The sectarianism unleashed by the Syrian civil war rendered the Iraqi government more susceptible to Iran's influence, and helped poison the well between the Baghdad government and its Sunni population. For Mr. Maliki and his Daawa party, the Syrian rebellion was a Sunni rebellion, plain and simple. A man given to a healthy dosage of paranoia, Mr. Maliki was unnerved by the rebellions of the Arab Awakening. Syria's upheaval, he was convinced, had a warning for him as well. If the Sunni Arab states, Turkey and the jihadists were determined to bring down the Alawite regime in Damascus, it stood to reason that the Shiite government in Baghdad would be in their cross hairs as well.

Having quit Iraq, the Obama administration developed a vested interest in the narrative that all was well in that country. What influence the U.S. still had was tethered to the rule of Mr. Maliki, even as he drifted away from the Sunnis and the Kurds. Borrowing from the book of the Arab authoritarians of old, Mr. Maliki depicted his bid for dominion as part of a campaign against terror. When he turned up in Washington last October, he came to ask for weapons and diplomatic support, but above all to convey to his rivals that he had Washington's blessing for his campaign for a third term as prime minister.
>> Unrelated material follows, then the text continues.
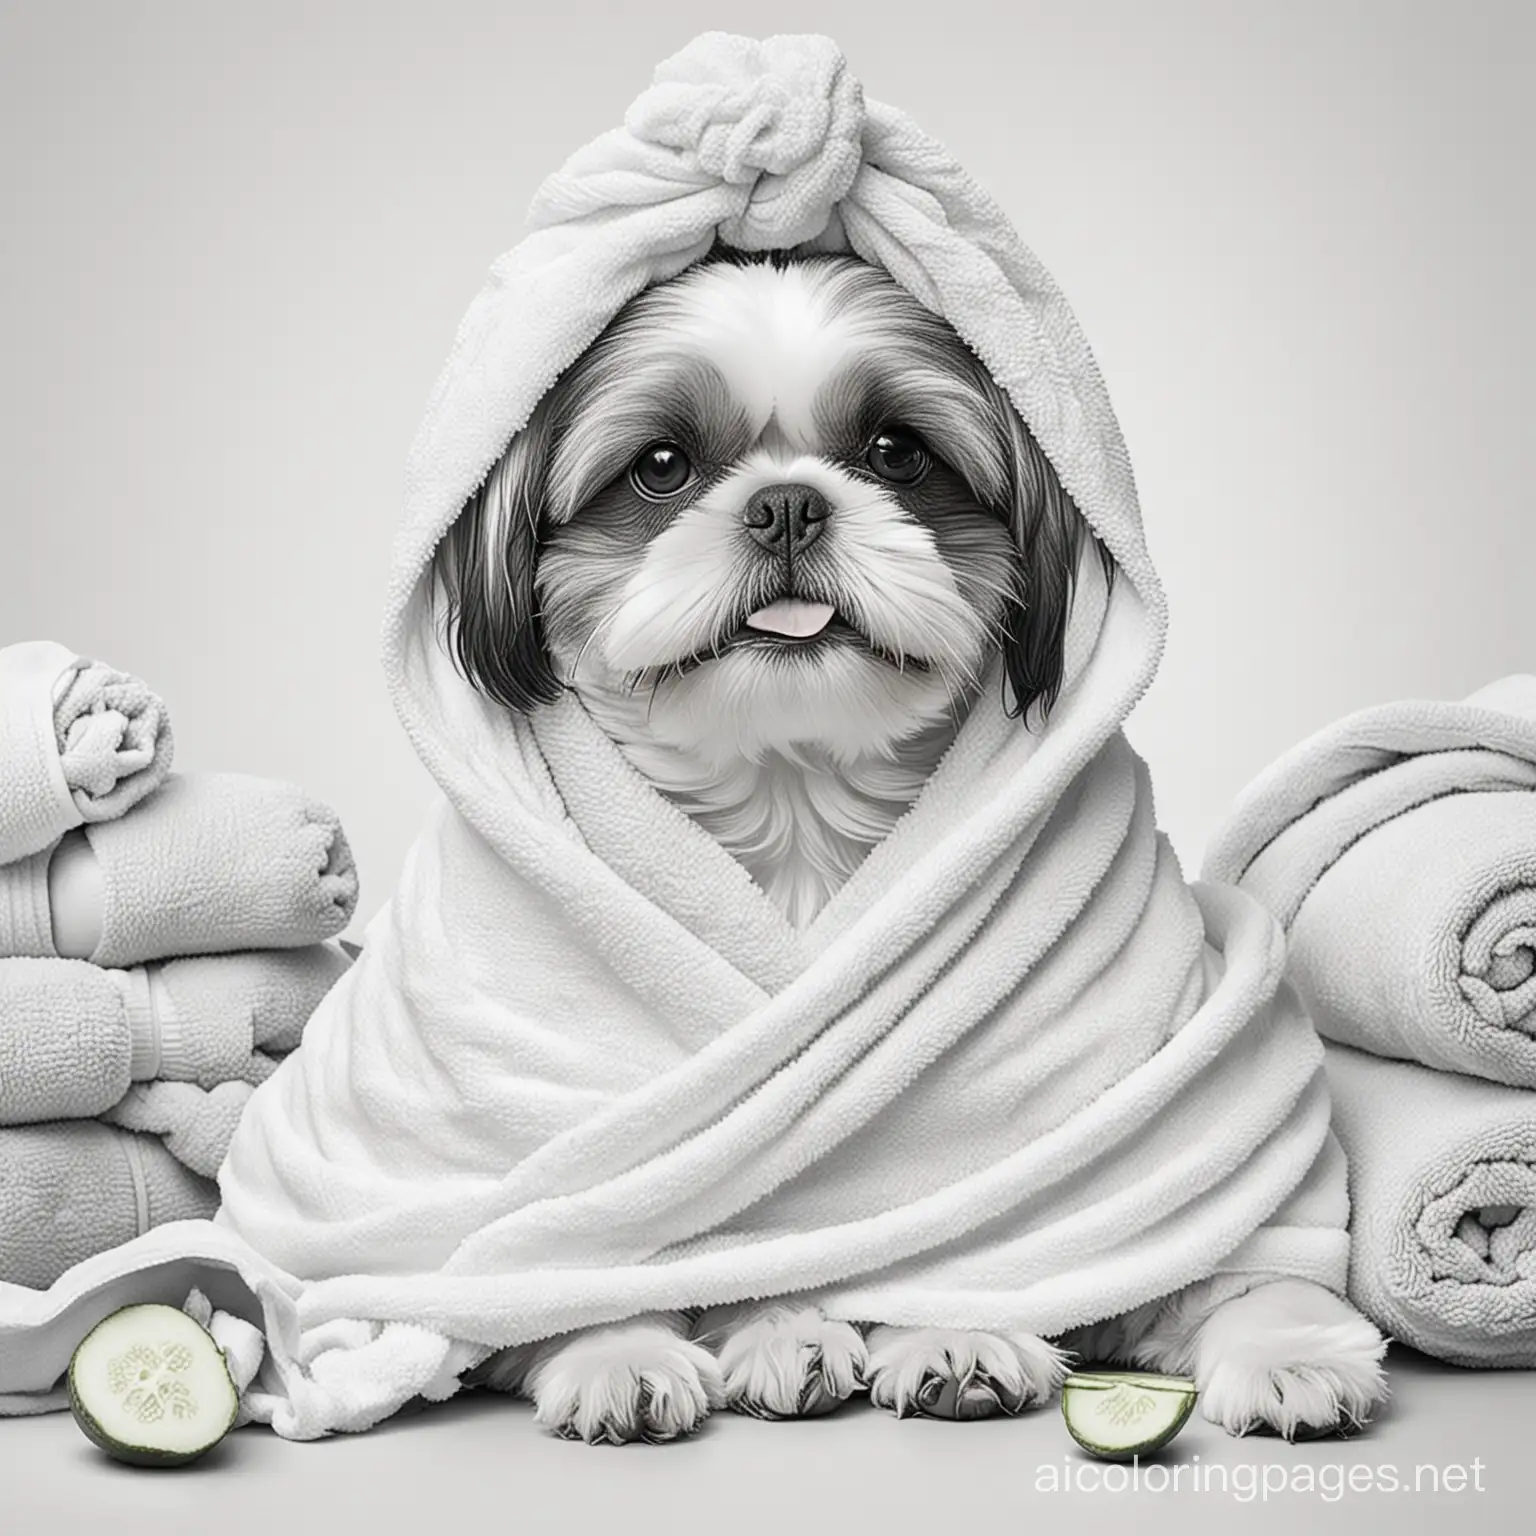 shih tzu at the spa with its head wrapped in towel with cucumbers over its eyes and tongue out , Coloring Page, black and white, line art, white background, Simplicity, Ample White Space. The background of the coloring page is plain white to make it easy for young children to color within the lines. The outlines of all the subjects are easy to distinguish, making it simple for kids to color without too much difficulty

The Obama administration played along when it would have been the better part of wisdom to deny him the visit in the midst of a political campaign. Mr. Maliki is a lucky man. His political bid for yet another term has the endorsement of Iran's Supreme Leader Ali Khamenei, and that of Mr. Obama and Mr. Assad.


When the U.S. lay down the foundations of its presence in the Arab world, it befriended and worked with the powers that be—the Sunni regimes. The Shiites were then outsiders, and the inroads Iran was to make into the Arab states were unthinkable.

This is a radically different moment. America's allies in Saudi Arabia, Jordan, the smaller states of the Gulf, and among the Sunnis in Lebanon and Syria can be forgiven the conclusion that the U.S. has acquiesced in this Iranian project. Washington is keen to conciliate Iran. Secretary Kerry has proposed a role for the Iranians in negotiations over Syria—even as Iranian forces and proxies are busy battering what is left of that country. Beirut once mattered to the U.S., but we have left it to the reign of Hezbollah, and what help comes to Lebanese moderates is now offered by Saudi Arabia and France.

A cautionary note: Iran and the Fertile Crescent are not—and by a long shot—a fair reflection of the demography of Islam. The weight of Islam is in the Sunni states. If we opt for an alliance with Iran and its satraps, we should do so in the full knowledge that our choice places us as odds with the vast majority of the Islamic world. Already, our failure to come to the support of the Syrian rebellion has eroded so much of our standing among Muslim Sunnis, in the Arab world and beyond. Five years ago in Cairo, a citadel of Sunni Islam, Mr. Obama called for a new policy of engagement with the Islamic world. That seems more like light years away.

Mr. Ajami, a senior fellow at Stanford's Hoover Institution, is the author, most recently, of "The Syrian Rebellion" ( Hoover Press, 2012).